A lateral semicircular canal segmentation based geometric calibration for human temporal bone CT Image

TL;DR

This paper introduces an automatic geometric calibration method for human temporal bone CT images using a novel 3D semicircular canal segmentation network, improving accuracy and efficiency over manual calibration.

Contribution

The paper presents a new 3D LSC segmentation network with dilated convolution and multi-pooling, enabling automatic and precise calibration of temporal bone CT images.

Findings

Achieved higher segmentation accuracy with the proposed network.

Enabled efficient automatic calibration of temporal bone CT images.

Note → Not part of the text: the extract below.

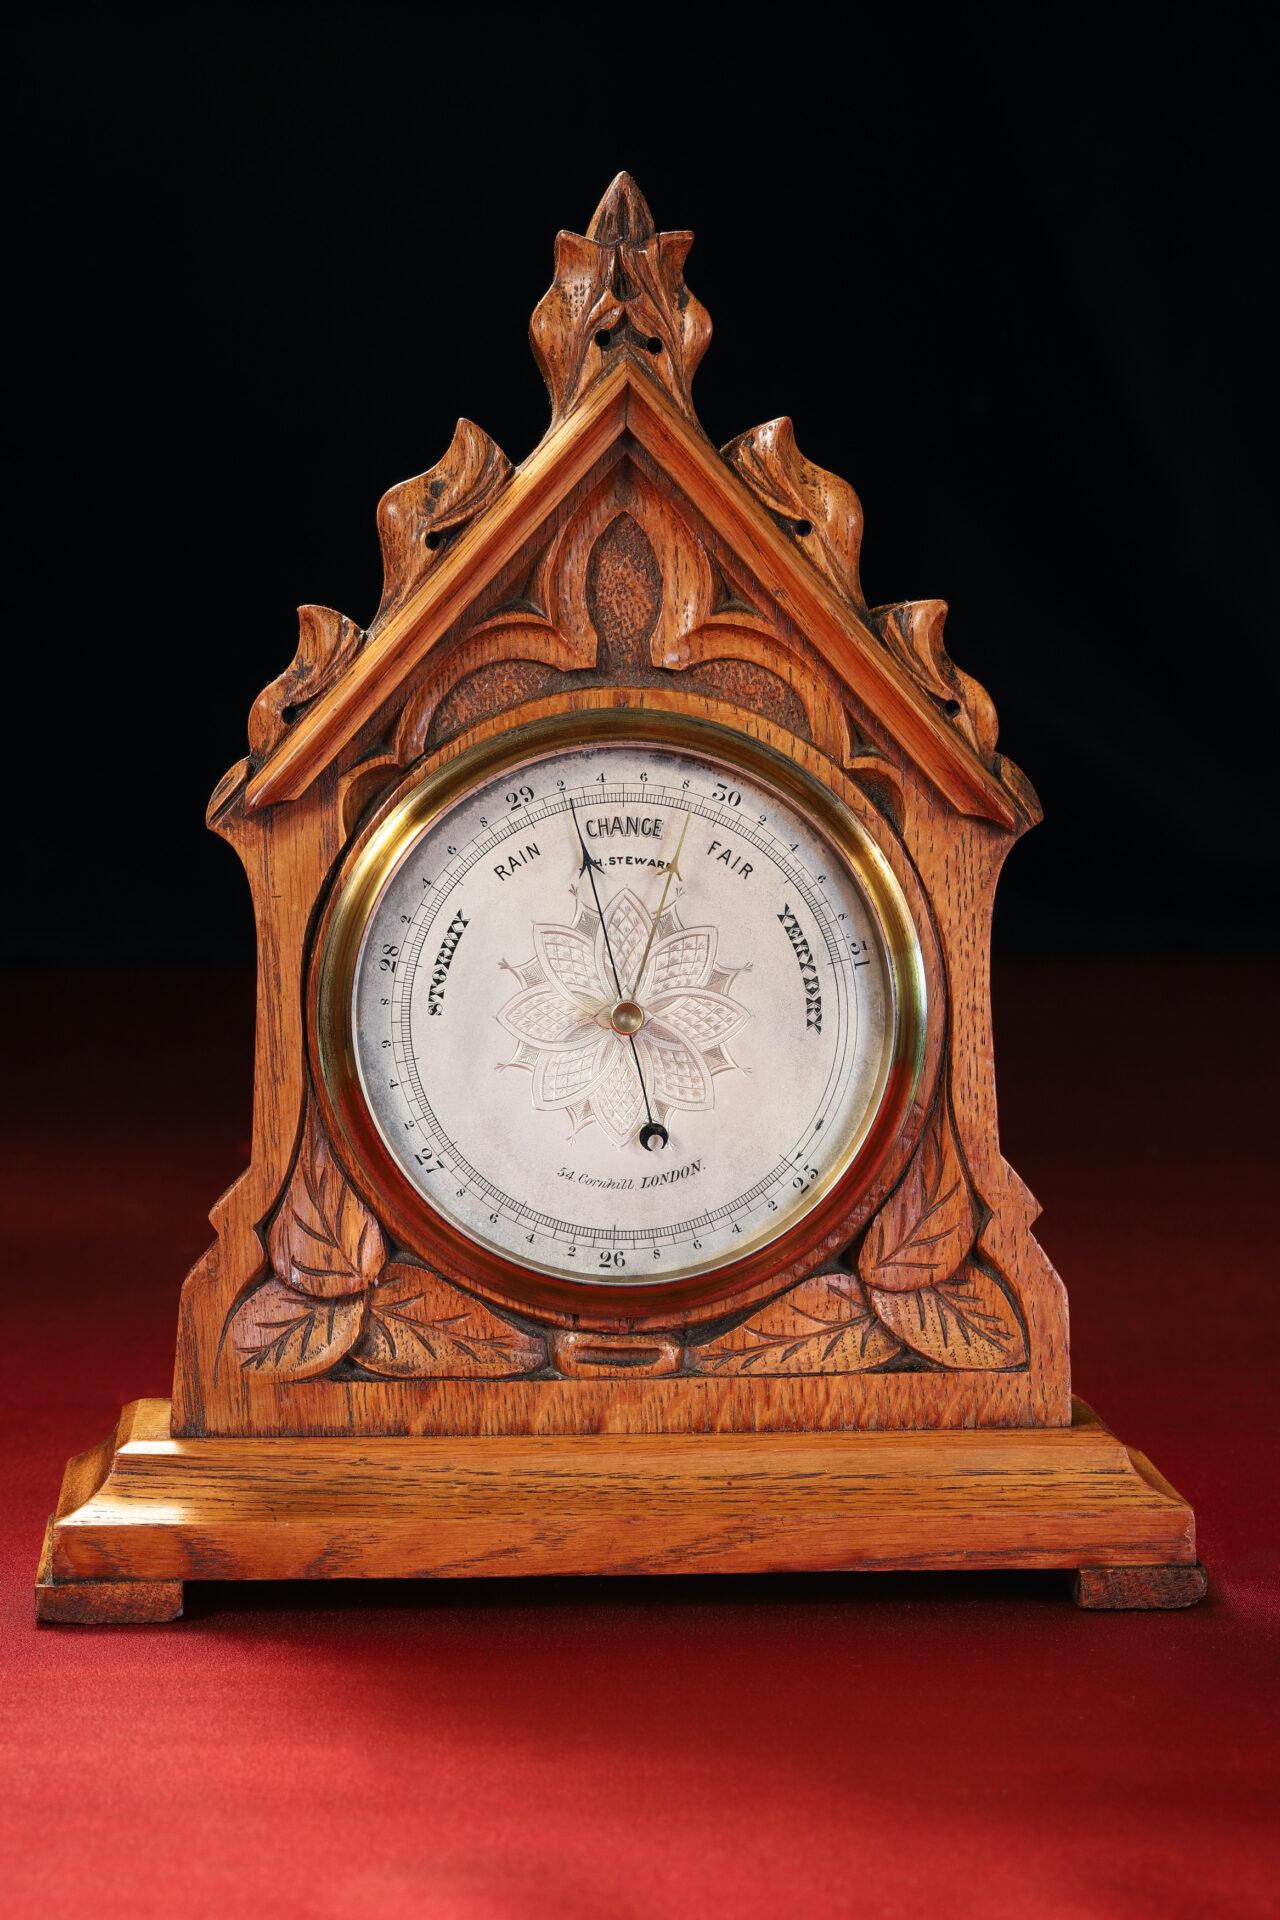 Image of JH Steward Gothic Mantle Barometer c1880
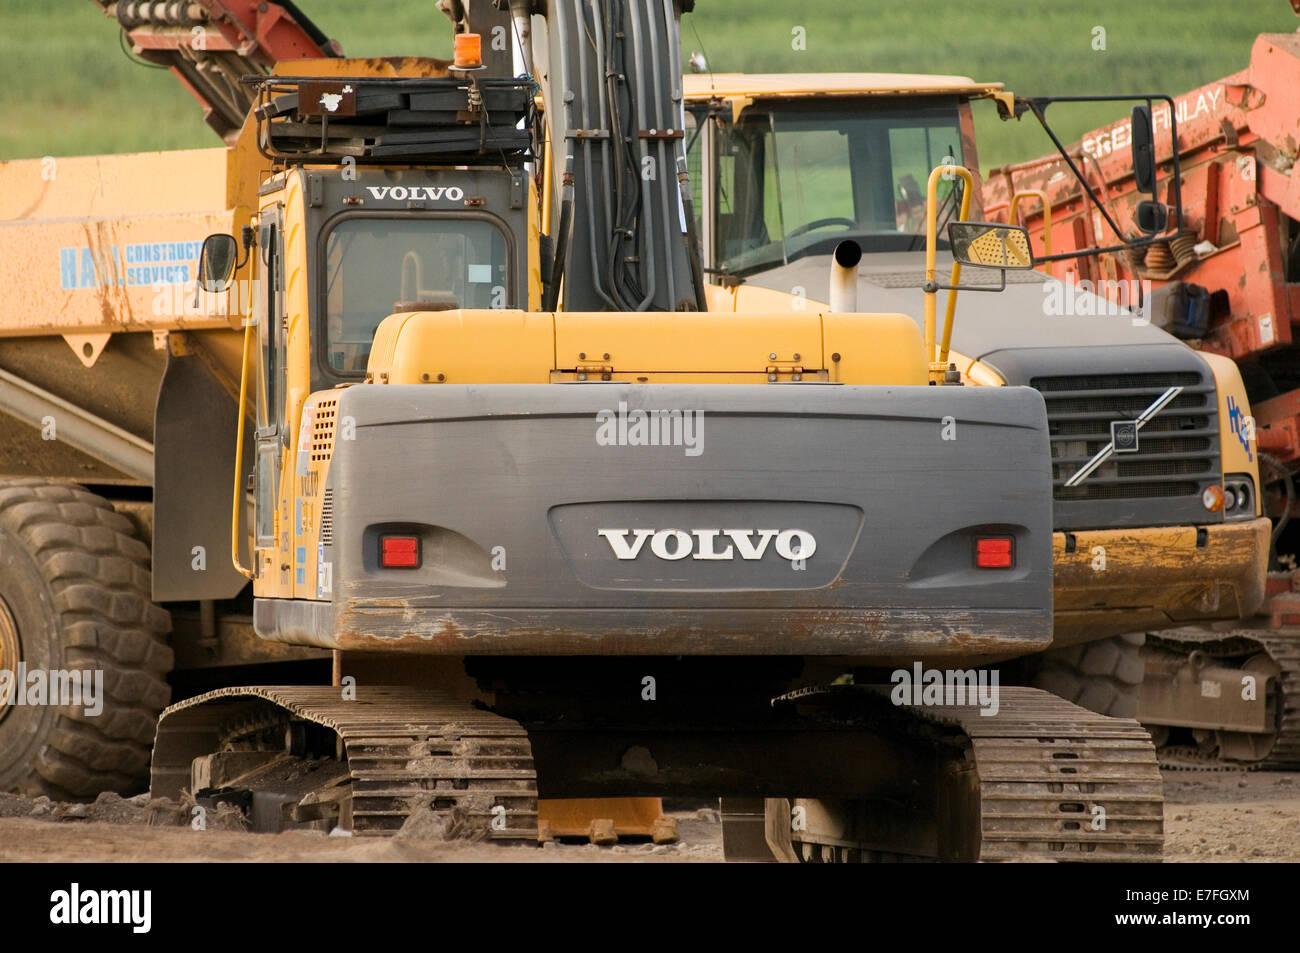 Volvo excavator factory in Kaluga 21

Facilitated improved symmetry analysis for ear disease diagnosis.

Abstract

Computed Tomography (CT) of the temporal bone has become an important method for diagnosing ear diseases. Due to the different posture of the subject and the settings of CT scanners, the CT image of the human temporal bone should be geometrically calibrated to ensure the symmetry of the bilateral anatomical structure. Manual calibration is a time-consuming task for radiologists and an important pre-processing step for further computer-aided CT analysis. We propose an automatic calibration algorithm for temporal bone CT images. The lateral semicircular canals (LSCs) are segmented as anchors at first. Then, we define a standard 3D coordinate system. The key step is the LSC segmentation. We design a novel 3D LSC segmentation encoder-decoder network, which introduces a 3D dilated convolution and a multi-pooling scheme for feature fusion in the encoding stage. The experimental results show that our LSC segmentation network achieved a higher segmentation accuracy. Our proposed method can help to perform calibration of temporal bone CT images efficiently.